ACTIVITY →
Return the records that follow unaltered. Omit every picture.

INPUT FOR THIS TASK →

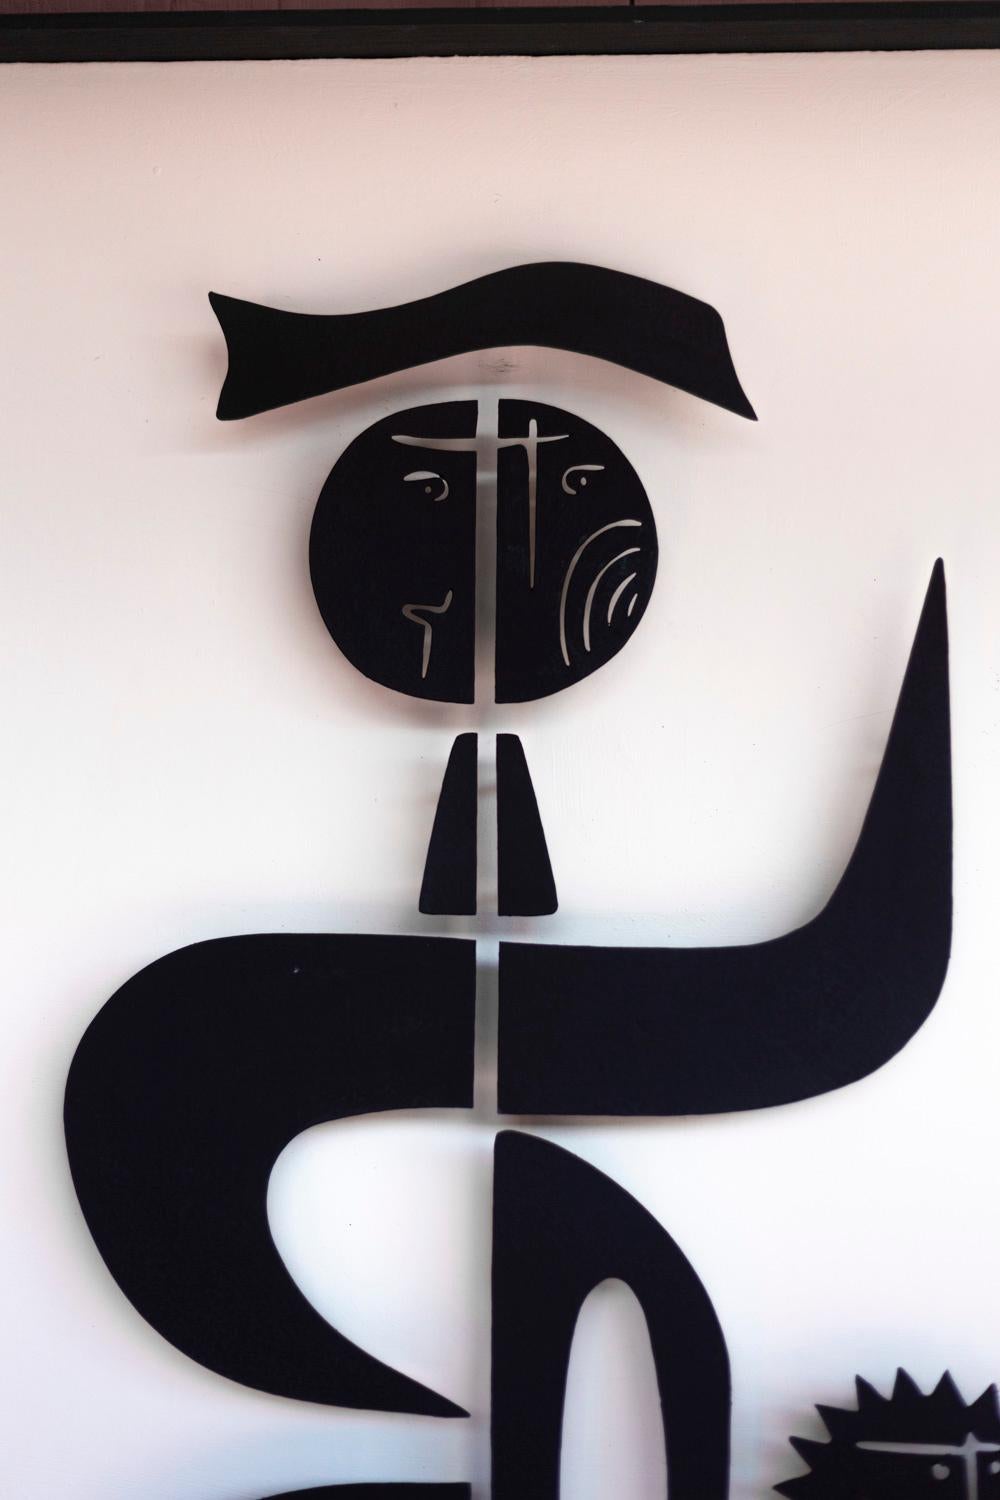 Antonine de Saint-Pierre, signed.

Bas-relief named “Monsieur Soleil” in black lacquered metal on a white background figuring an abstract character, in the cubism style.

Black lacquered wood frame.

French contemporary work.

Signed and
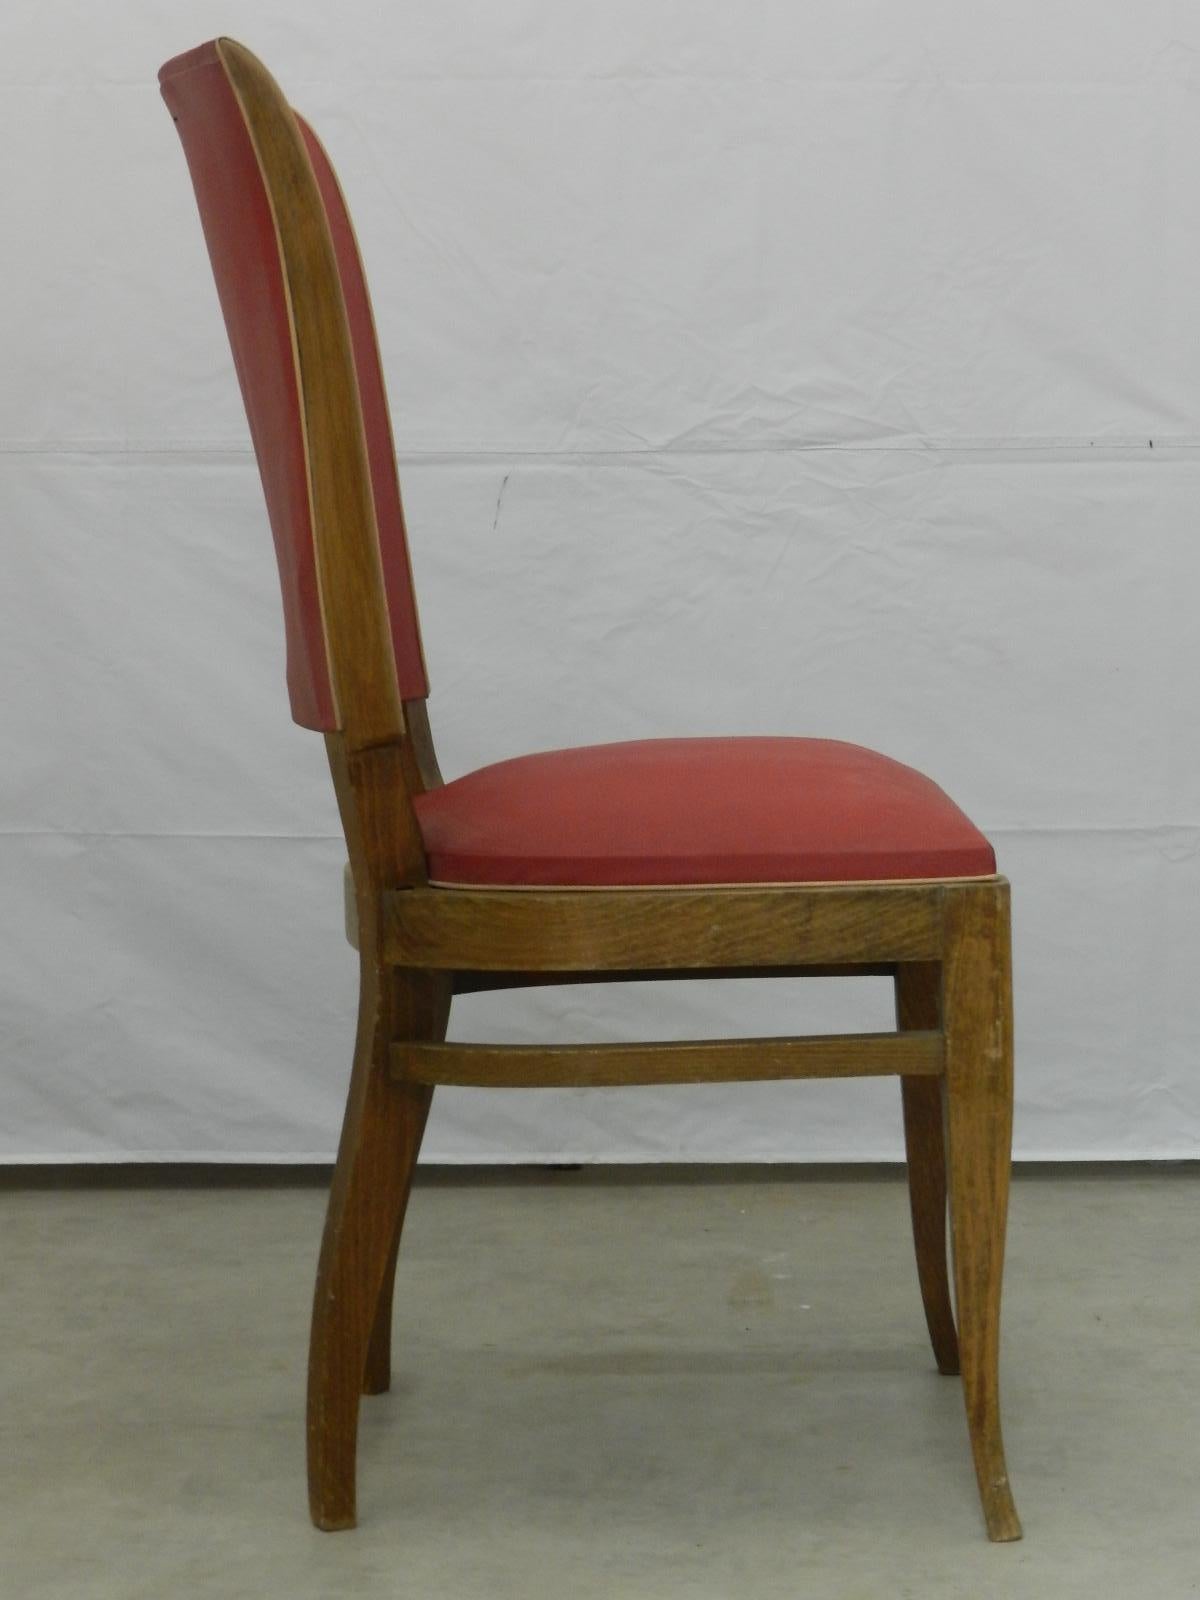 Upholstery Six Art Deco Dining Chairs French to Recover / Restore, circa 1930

TASK SOLUTION →
 Antonine de Saint-Pierre, signed.

Bas-relief named “Monsieur Soleil” in black lacquered metal on a white background figuring an abstract character, in the cubism style.

Black lacquered wood frame.

French contemporary work.

Signed and
 Upholstery Six Art Deco Dining Chairs French to Recover / Restore, circa 1930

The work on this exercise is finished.